-------- Material provided

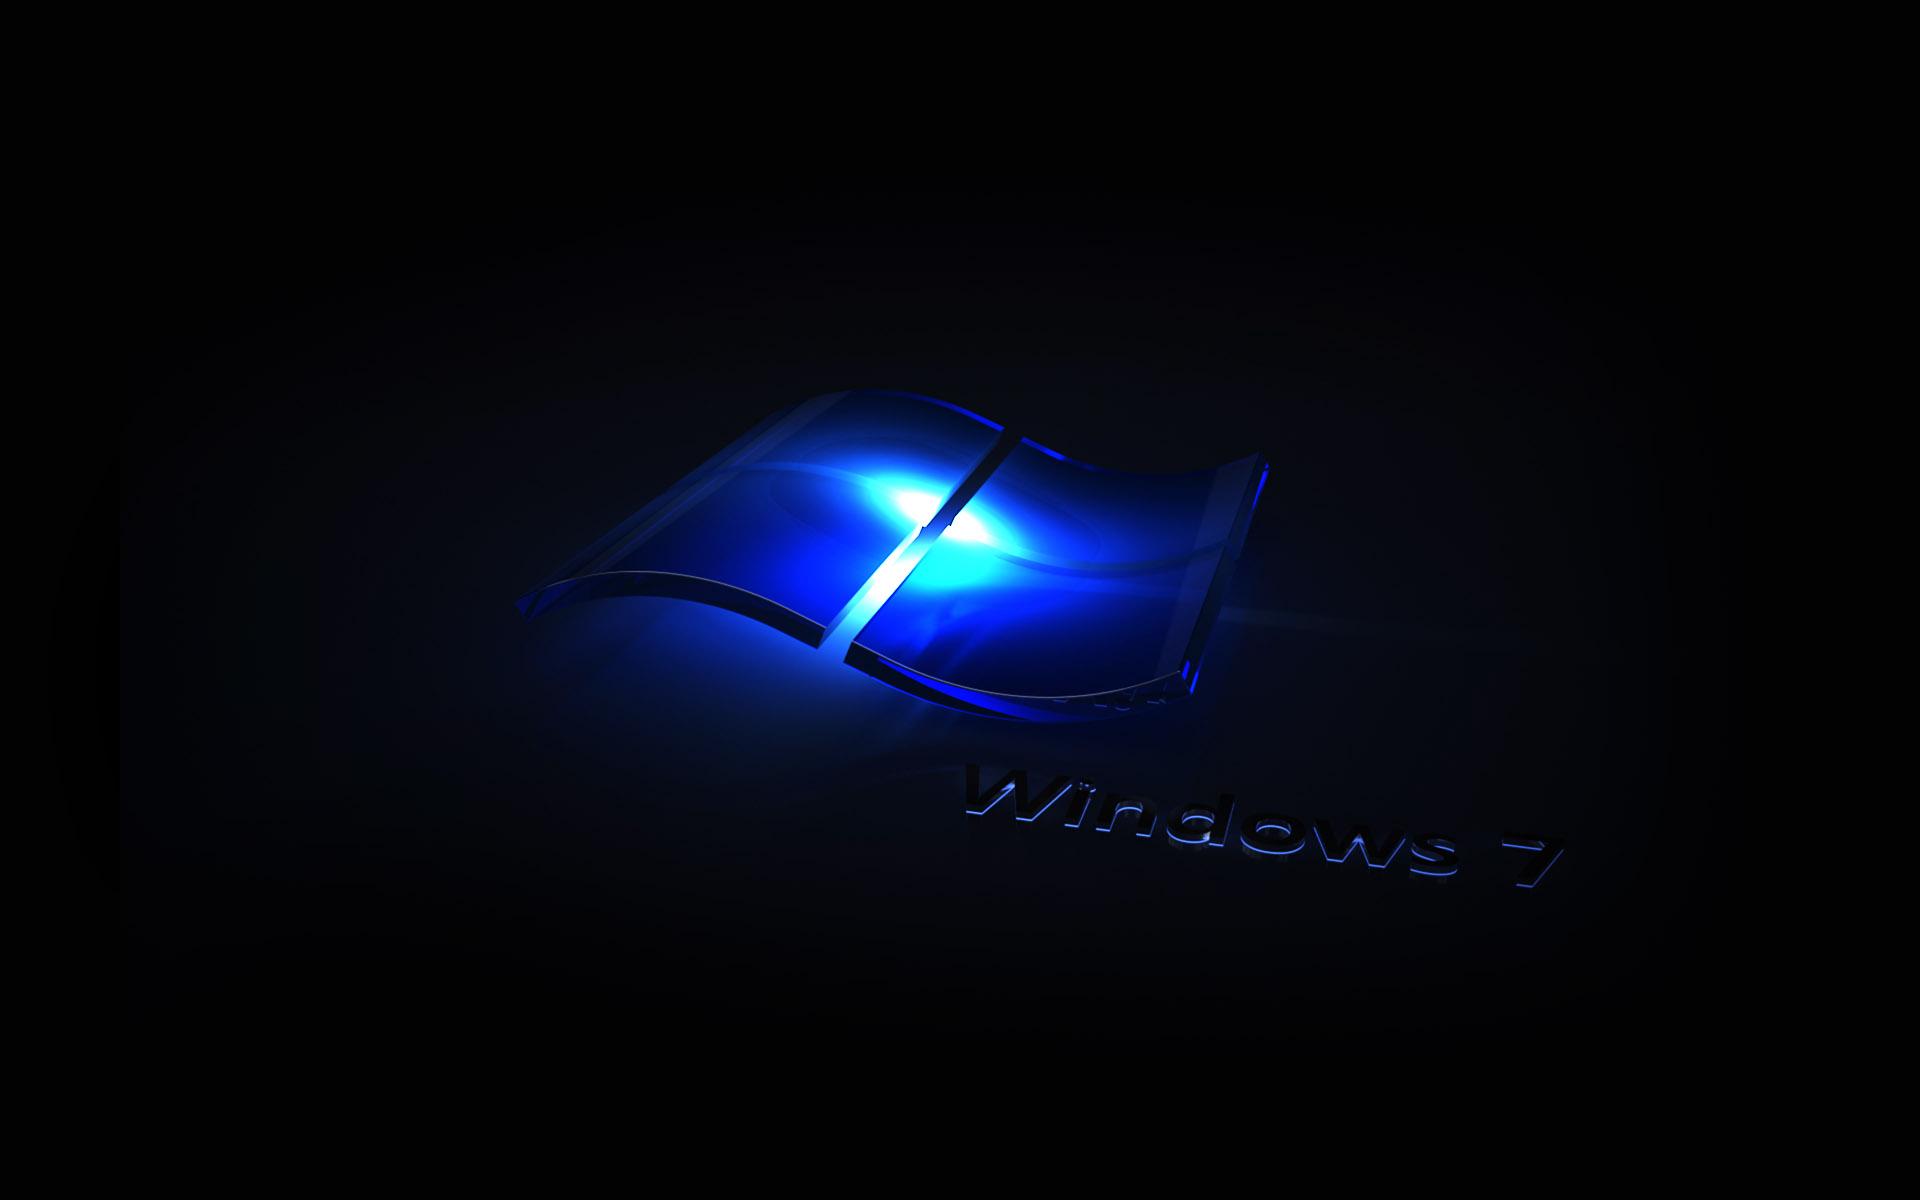 1920x1200 Px Windows 7 Blue Neon Wallpaper
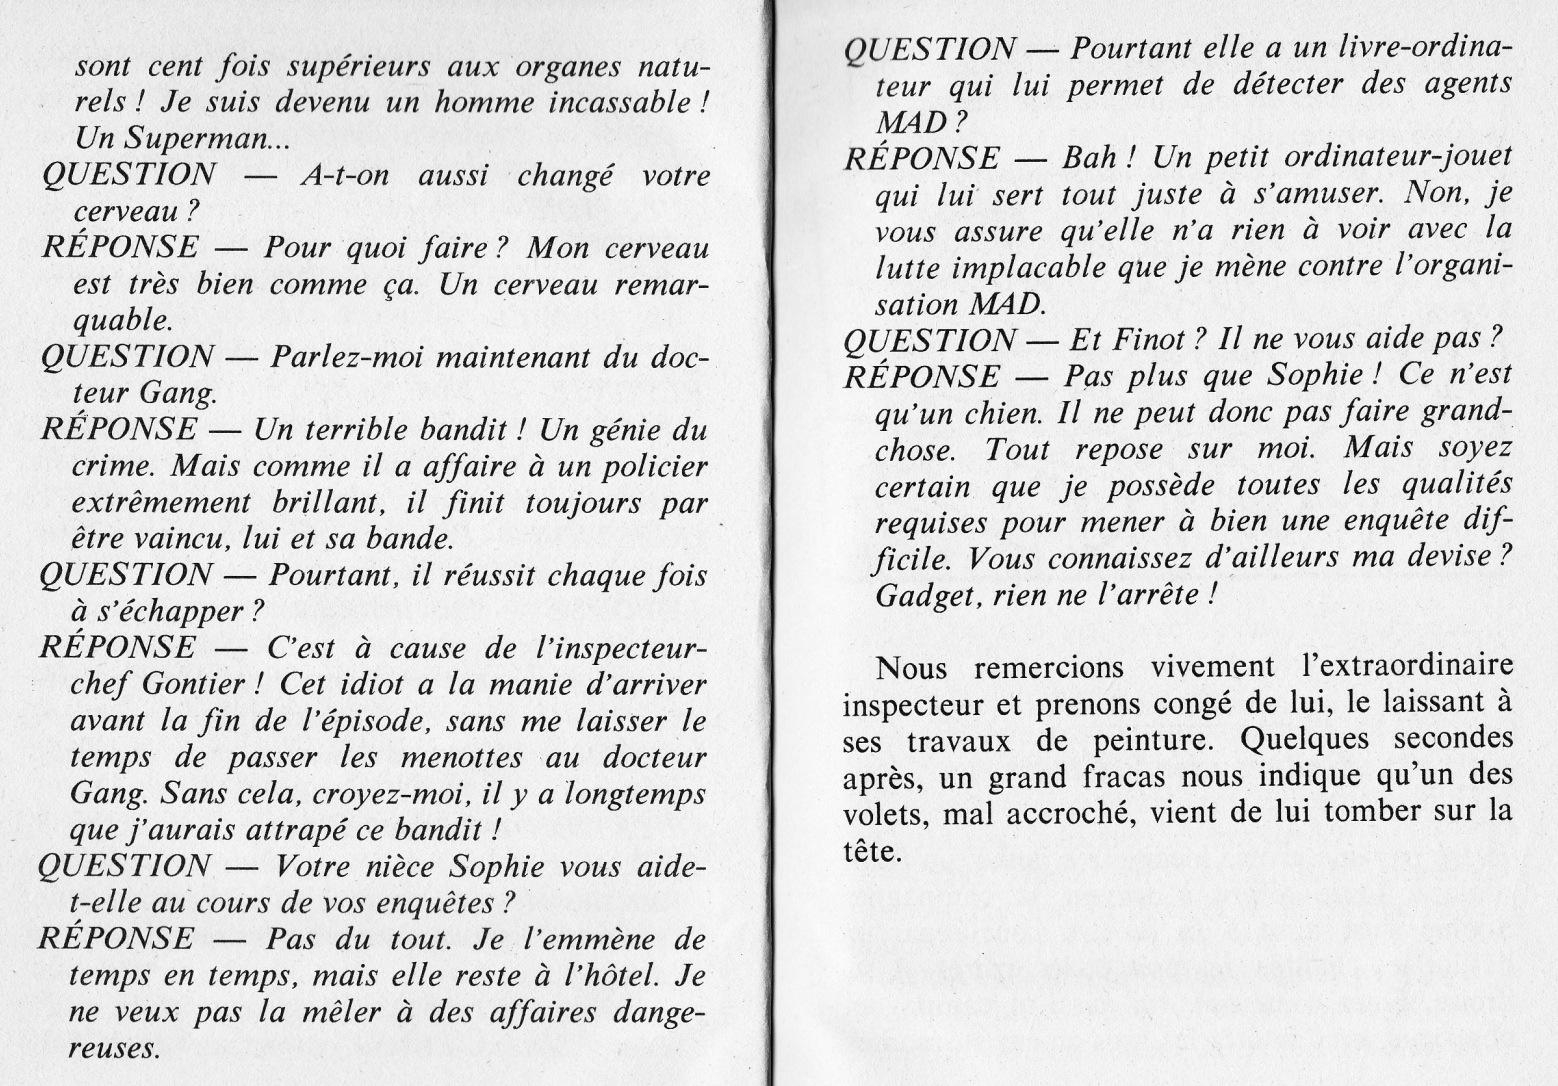 http://grenierdelatv.free.fr/2/inspecteurgadgetpasseattaque04.jpg
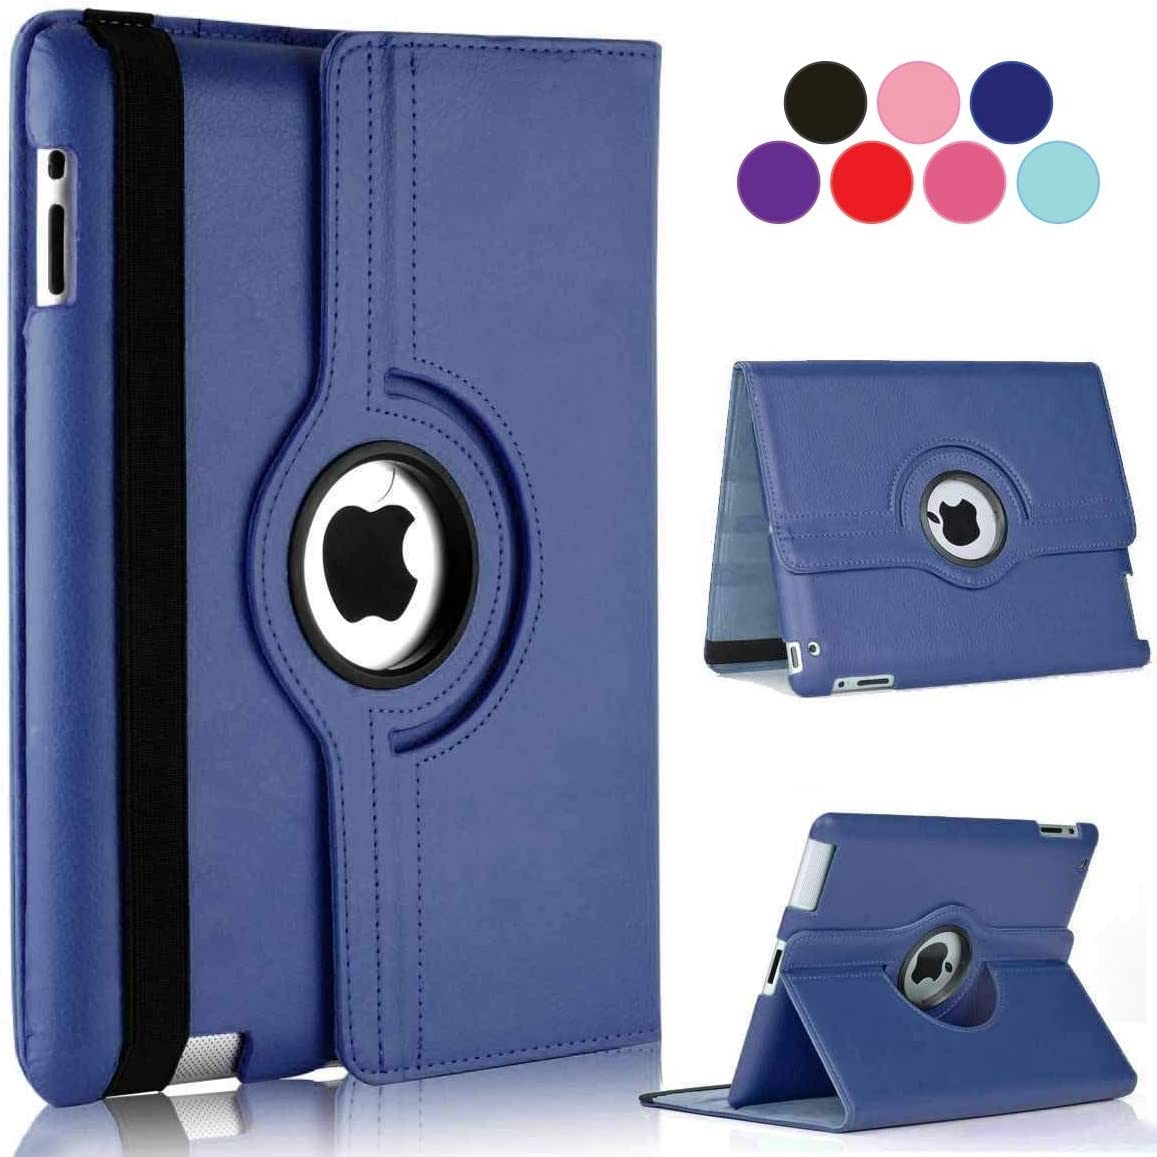 Vultic iPad Pro 9.7 Case (2016) - 360 Degree Rotating Stand [Auto Sleep/Wake] Folio Leather Smart Cover Case for Apple iPad Pro 9.7
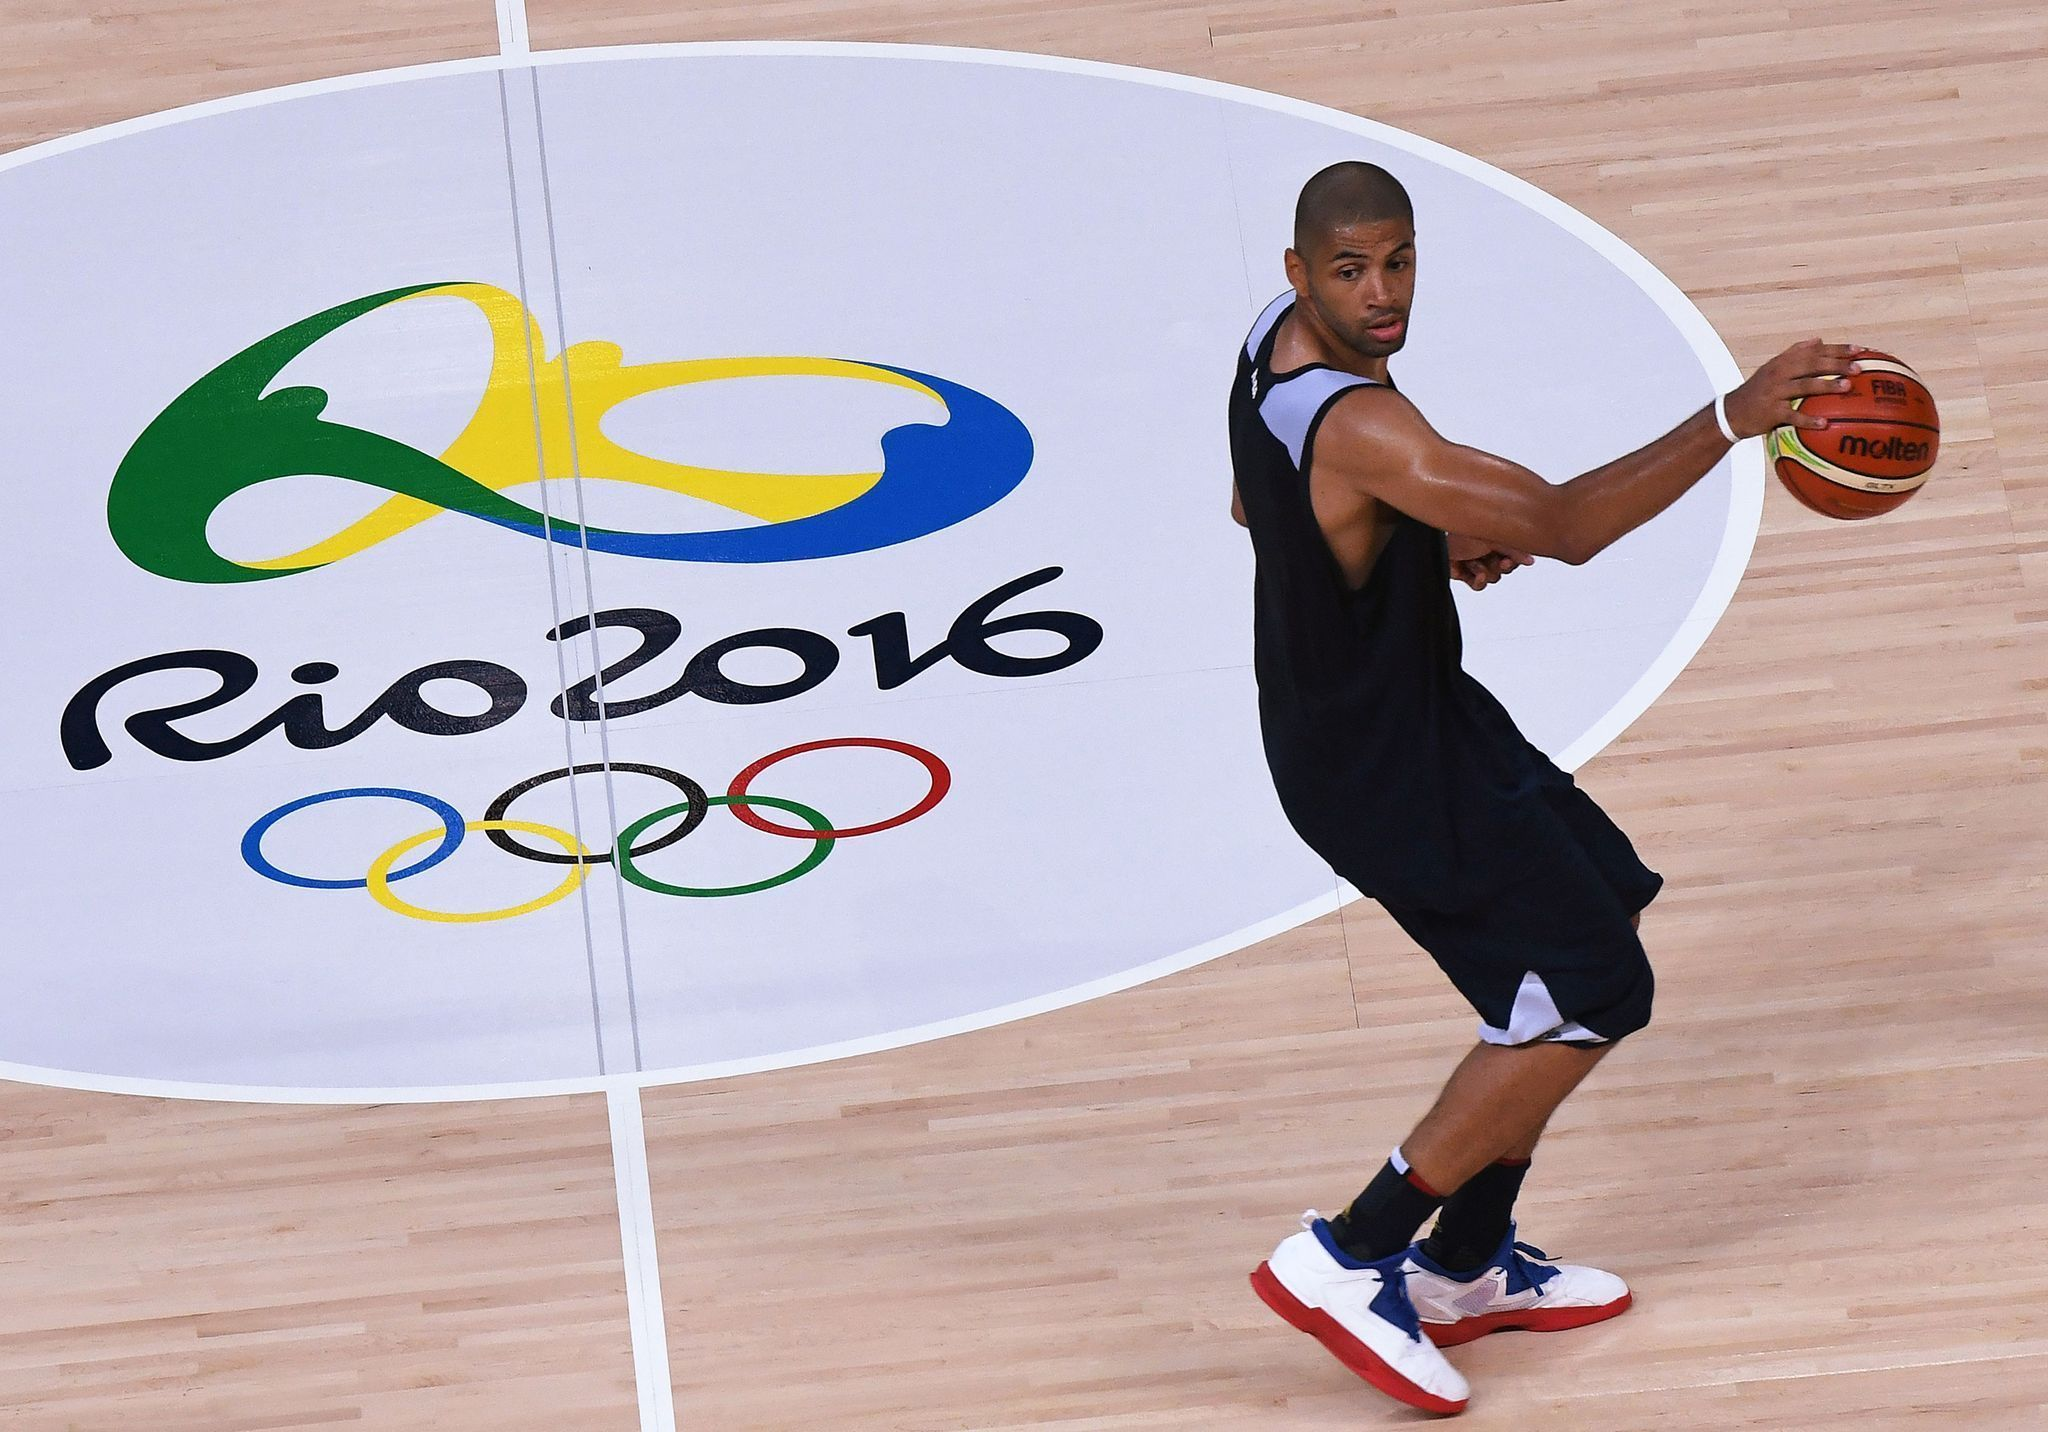 bovada sportsbook payout basketball rio 2016 bracket

----------------

- Problem requirements: The copy must start at the line containing "Vultic iPad Pro" and stop at the last line of the listing, both included, with every line exact and no pictures.

- Result for this exercise:
 Vultic iPad Pro 9.7 Case (2016) - 360 Degree Rotating Stand [Auto Sleep/Wake] Folio Leather Smart Cover Case for Apple iPad Pro 9.7
 bovada sportsbook payout basketball rio 2016 bracket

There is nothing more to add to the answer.